Posted by timothy on from the now-make-a-parka-from-them dept.

TheSync writes "Researchers at Rice have announced the discovery of how to create continuous fibers from single-wall carbon nanotubes (SWNT). The breakthrough was based on the ability to dissolve a large amount of SWNTs in sulfuric acid, up to 10% SWNTs in solution. At high concentrations, the SWNTs form tightly packed liquid crystals that can be processed into pure fibers. The Space Elevator can't be far away now..."

8 of 97 comments (clear)

  1. Heh by smoondog · · Score: 4, Funny

    The Space Elevator can't be far away now...

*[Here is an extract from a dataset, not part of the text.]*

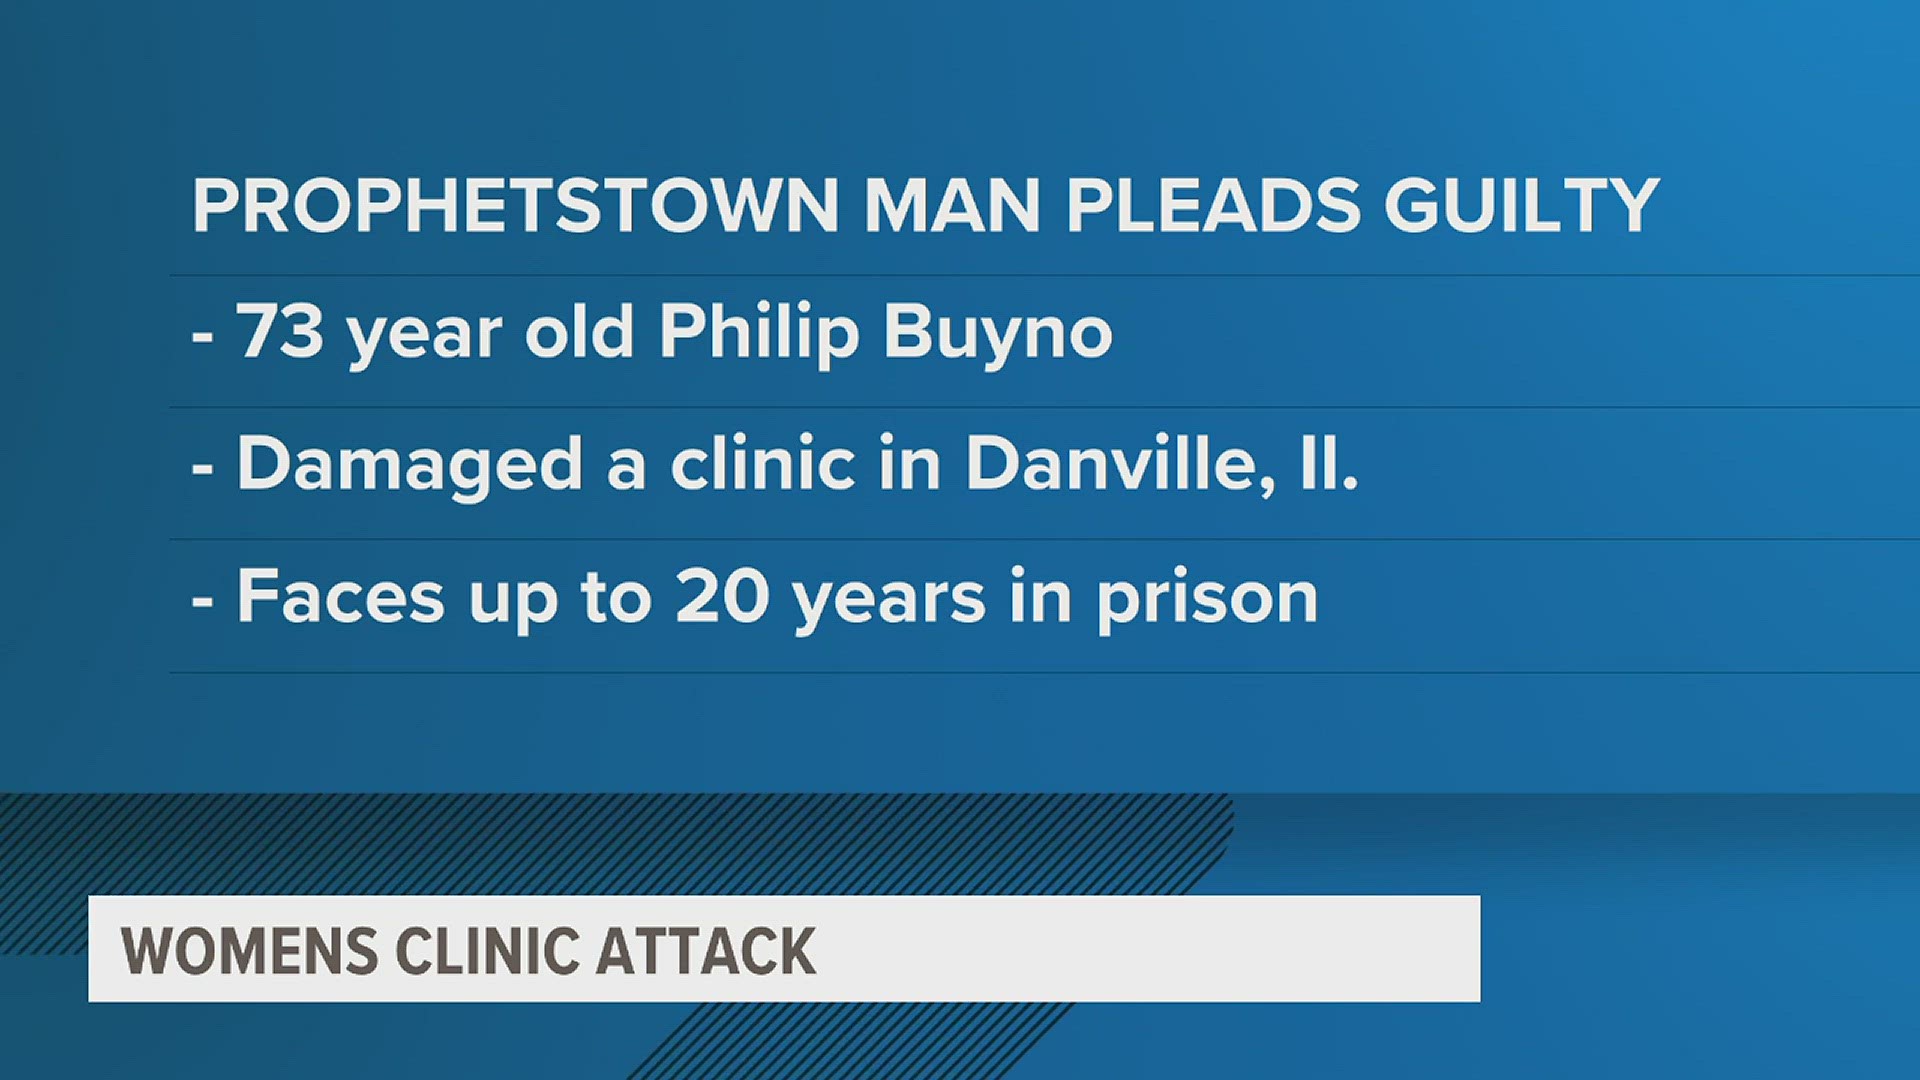 73-year-old Philip Buyno of Prophetstown pleaded guilty on Wednesday, four months after he rammed his car into a facility in Danville, Illinois.
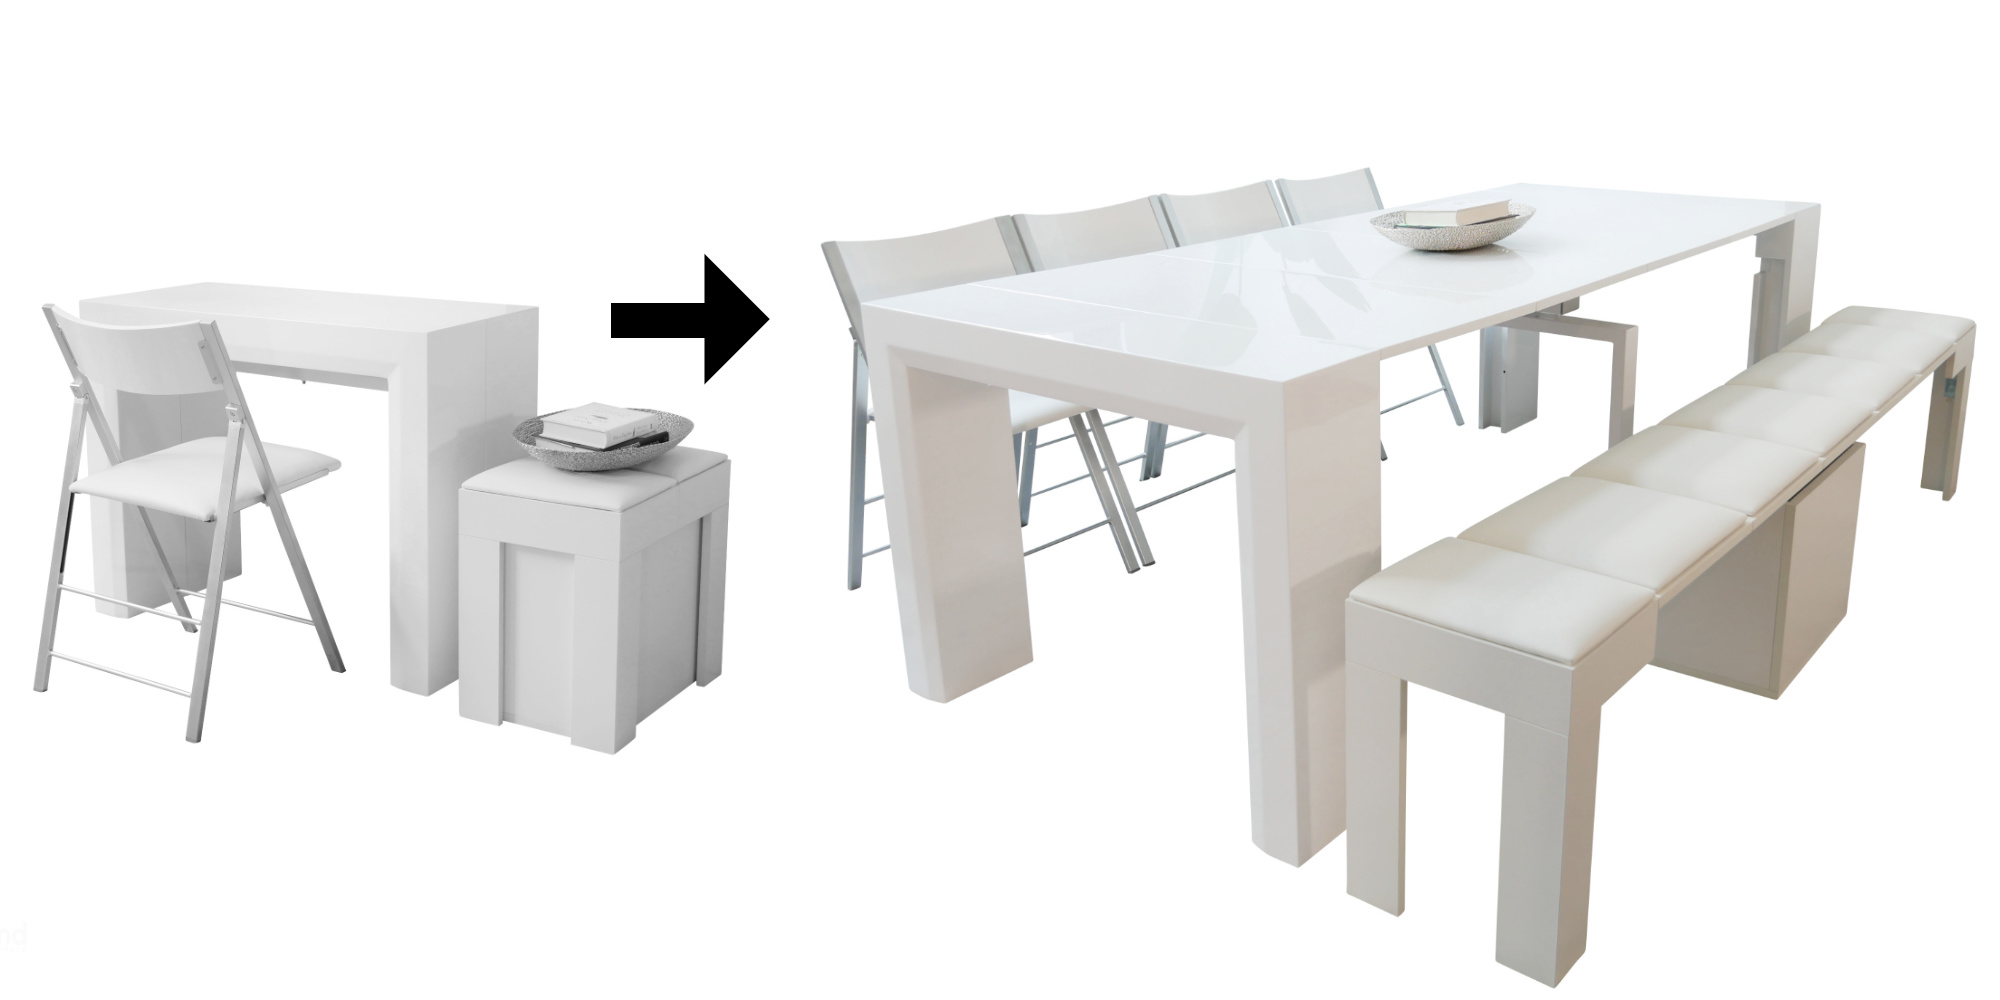 The ultimate space saving dining set deal with a junior giant extending console table and 4 nano chairs and a mini scatola

    Unfortunately, it needs to be on average 35,000 Km away to work.

    -Sean

  2. How about a "moon leash"?... by kommakazi · · Score: 4, Funny

    Well since I've just recently been told that the moon actually is moving away from the earth (see this thread) we really ought to leash the moon to the Earth to prevent this. I like the moon where it is. I suppose it could double as an elevator....

  3. Actual strength? by IANAL(BIAILS) · · Score: 4, Insightful

    The Space Elevator can't be far away now..."

    I think that's more than a little bit premature. Sure, it seems like we can make them a little easier now in the lab... but as an earlier poster mentioned, we're going to need some pretty long lengths to streach into orbit. Nowhere have I heard how exactly the little fibres that are grown in the lab will be joined together *at the usual nanotube strength* over and over again to make these long lengths.

    Won't the 'joints' between individual fibres be a weak point in the system, and since we're joining thousands (if not millions) of little tube lengths in the lab, won't that have a rather large impact on the actual strength of the tube (vs if it was actually one long continuous length)?

    1. Re:Actual strength? by barawn · · Score: 4, Informative

      I think that's more than a little bit premature. Sure, it seems like we can make them a little easier now in the lab... but as an earlier poster mentioned, we're going to need some pretty long lengths to streach into orbit. Nowhere have I heard how exactly the little fibres that are grown in the lab will be joined together *at the usual nanotube strength* over and over again to make these long lengths.

      Wow, that's surprising, considering that Slashdot has had plenty of explanations as to how you do it. :)

      Nanotube strength is more than you need. Much more. Pure carbon nanotube strands are strong enough to make a completely untapered elevator, all by themselves. (300 GPa tensile strength).

      For a space elevator, you're not building one continuous nanotube to orbit. That'd be insane. What you do is you build a composite fiber, just like you have fiberglass, or Kevlar fibers - you dope some composite with nanotubes to increase their strength.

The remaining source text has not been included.